This bear market rally has more room to go – Morgan Stanley’s Wilson
Michael Wilson, Morgan Stanley’s Chief U.S. Equity Strategist, and Chief Investment Officer remain bullish on U.S. stocks into the year-end. Wilson believes the ongoing bear market rally has more legs before “the deteriorating fundamentals take us to lower bear market lows next year.”
Wilson prefers to focus on the technical at the moment and continues to see the market breadth as a key reason why he remains bullish in the near term. Last week, he raised many eyebrows when he said the S&P 500 could reach a price trough of 3,000-3,300 in Q1 2023.
“We’ve got a fair amount of pushback on that our forecast on this front is too aggressive both from a magnitude and timing standpoint.
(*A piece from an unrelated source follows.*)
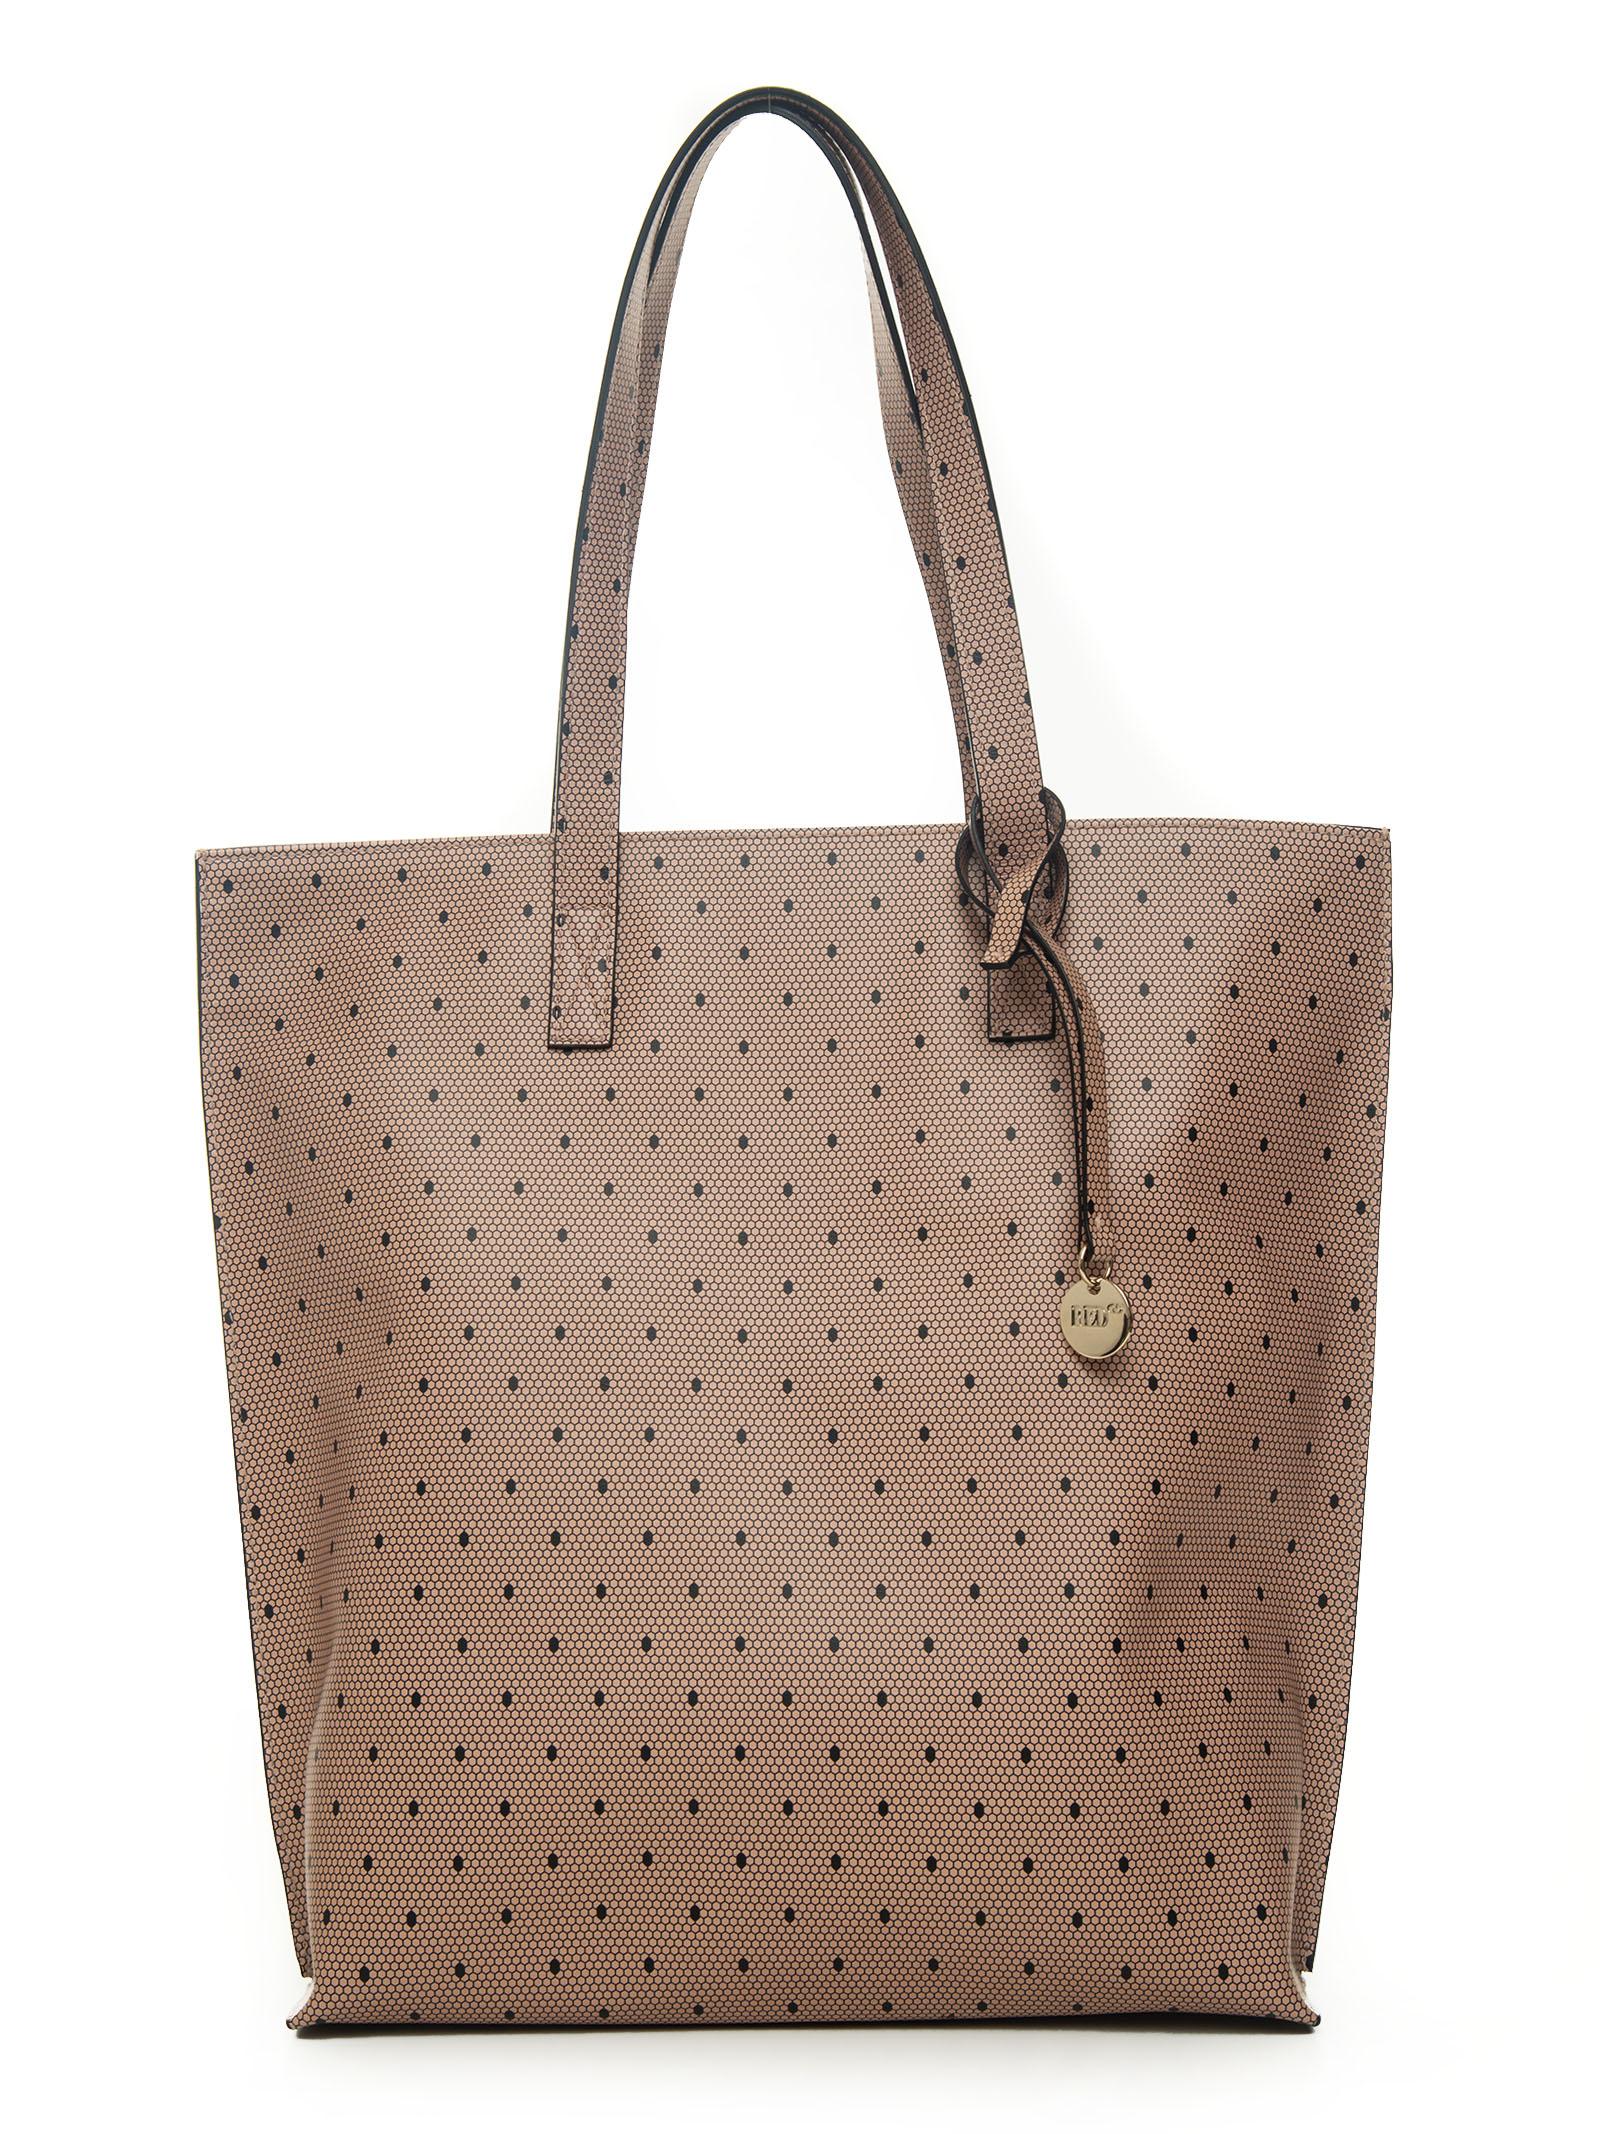 Redv LARGE SHOPPING BAG BEIGE/NERO  WOMAN

While directionally bearish, many investors struggle to see even a retest of 3,500. In our view, what was priced at the October lows was peak Fed hawkishness, not material earnings downside,” Wilson explained in a client note.
Morgan Stanley projects the EPS estimates to fall by 15-20%, which should “demand a more recessionary type 13.5-15x multiple on materially lower EPS.”
If the Fed decides to pause hiking, Wilson says the equity market “may get the benefit of the late cycle “pause trade” typically worth +15%.” However, in that case, stocks won’t get a boost from the “cuts before a recession” trade, which Wilson estimates is worth another +10%.
MORGAN STANLEY TECHNICAL ANALYSIS DAILY CHART:
In the daily chart, Morgan Stanley is currently trading in the up channel. Morgan Stanley is currently trading below 5 & 20 SMA.
RSI is in the Selling zone which shows bearishness. And stochastic is suggesting a downtrend.
Morgan Stanley’s immediate support level is at 85.97 & resistance level is at 87.98
HOW TO TRADE IN THIS WEEK
Morgan Stanley is trading in an up channel, but as we can see trend reversal is possible to the downside if it breaks the previous low.